Advent Devotional Day 7: 2 Samuel 7.11-16

The Ideal David


…I will give you rest from all your enemies. The Lord also declares to you that the Lord will make a house for you. “When your days are complete and you lie down with your fathers, I will raise up your descendant after you, who will come forth from you, and I will establish His kingdom. He shall build a house for My Name, and I will establish the throne of his kingdom forever. I will be a father to him and he will be a son to Me; when he commits iniquity, I will correct him with the rod of men and the strokes of the sons of men, by My lovingkindness shall not depart form him, as I took it away from Saul, whom I removed from before you. Your house and your kingdom shall endure before Me forever; your throne shall be established forever.”

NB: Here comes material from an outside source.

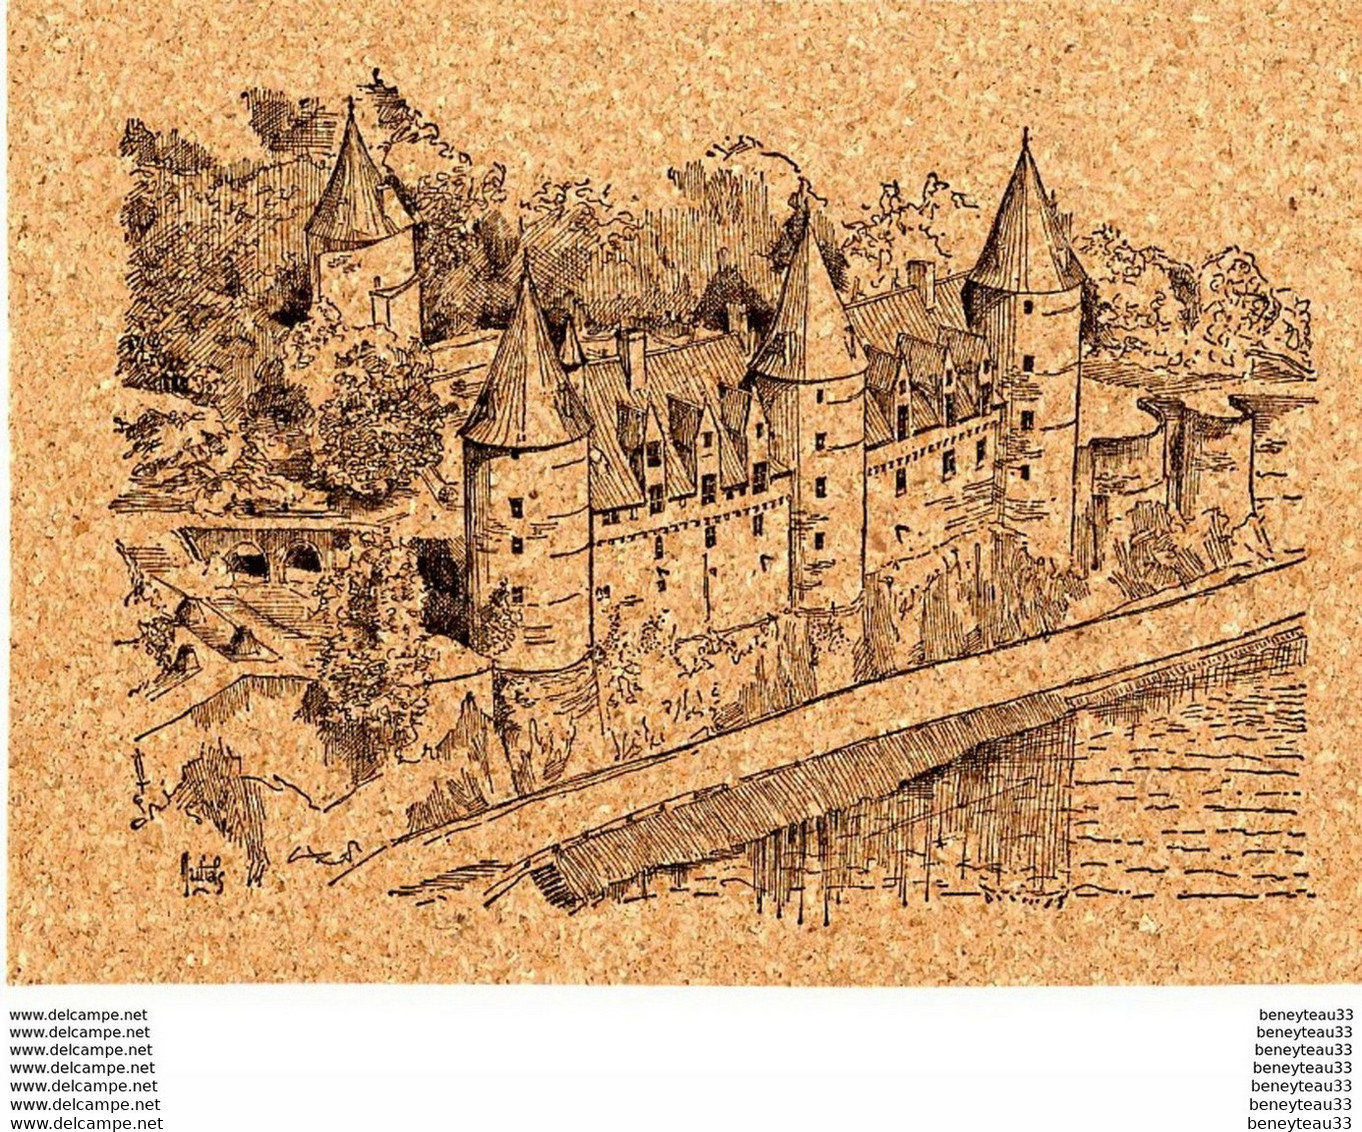 CP LIÈGE (Réf : Q199)  JOSSELIN (56 MORBIHAN) Le Château (XIV°) - Josselin

The Lord spoke all these words through Nathan the prophet to David in response to David’s desire to build a temple for the Lord to dwell in. At that point, the glory of the Lord dwelt in a tent, the tabernacle, the same tabernacle that went with the children of Israel through the wilderness and into the land of promise. The presence of God amongst His people, and His permanent presence (signified through the permanent structure of the temple) were clearly something that David, the king and man after God’s own heart, was consumed with. Ultimately the Lord tells David that he will not be the one who will build a house for the Lord in the land. Instead, he gives David a much more glorious promise. The Lord responds to David with a sense of irony: “You want to build Me a house? No. I will build YOU a house.” This turns the attention of our minds to the glory and majesty of the Lord. We cannot do anything to help him, as if He needed anything from us. Rather, He is the fountain of all blessing toward His people. He is the all sufficient One.


This promise had its initial fulfillment in Solomon, David’s son. Many who read this passage will jump right to Jesus immediately without recognizing that this promise was worked out through generations of kings in David’s line before the Messiah came. This is interesting because often times with prophetic texts that deal with God’s promises, there are initial fulfilments in the immediate future of those to whom the promises were made, and then there is the ultimate fulfillment of the promise in the coming of Christ Himself. This paradigm holds true for this passage as well. We can see that there will be an initial fulfillment of this promise in Solomon through the words “when he commits iniquity, I will correct him with the rod of men..” This plainly cannot refer to the Lord Jesus who “knew no sin.” (2 Cor. 5.21) That does not mean this text isn’t Christ centered though. This text is totally centered on the future coming of the Messiah! In order to delight in Christ rightly through this passage, we need to understand a few of the themes at play. These themes are peace for God’s people, God’s presence with His people, and David’s eternal throne.


Peace for God’s people is seen in the opening words of the text above. “I will give you rest from your enemies.” This happened in an initial way in the reign of David and Solomon. The land of promise was greatly expanded and during the height of the reign of these two kings, the land of Israel was at peace as David conquered the peoples surrounding Israel. However, one only needs to keep reading the story of the Old Testament to know that this peace doesn’t ultimately last, the land of Israel is split into kingdoms north and south. The northern kingdom is conquered by Assyria and the southern kingdom is carried into exile by Babylon. The kings that immediately followed David never brought ultimate peace to God’s people. There must be a greater King coming.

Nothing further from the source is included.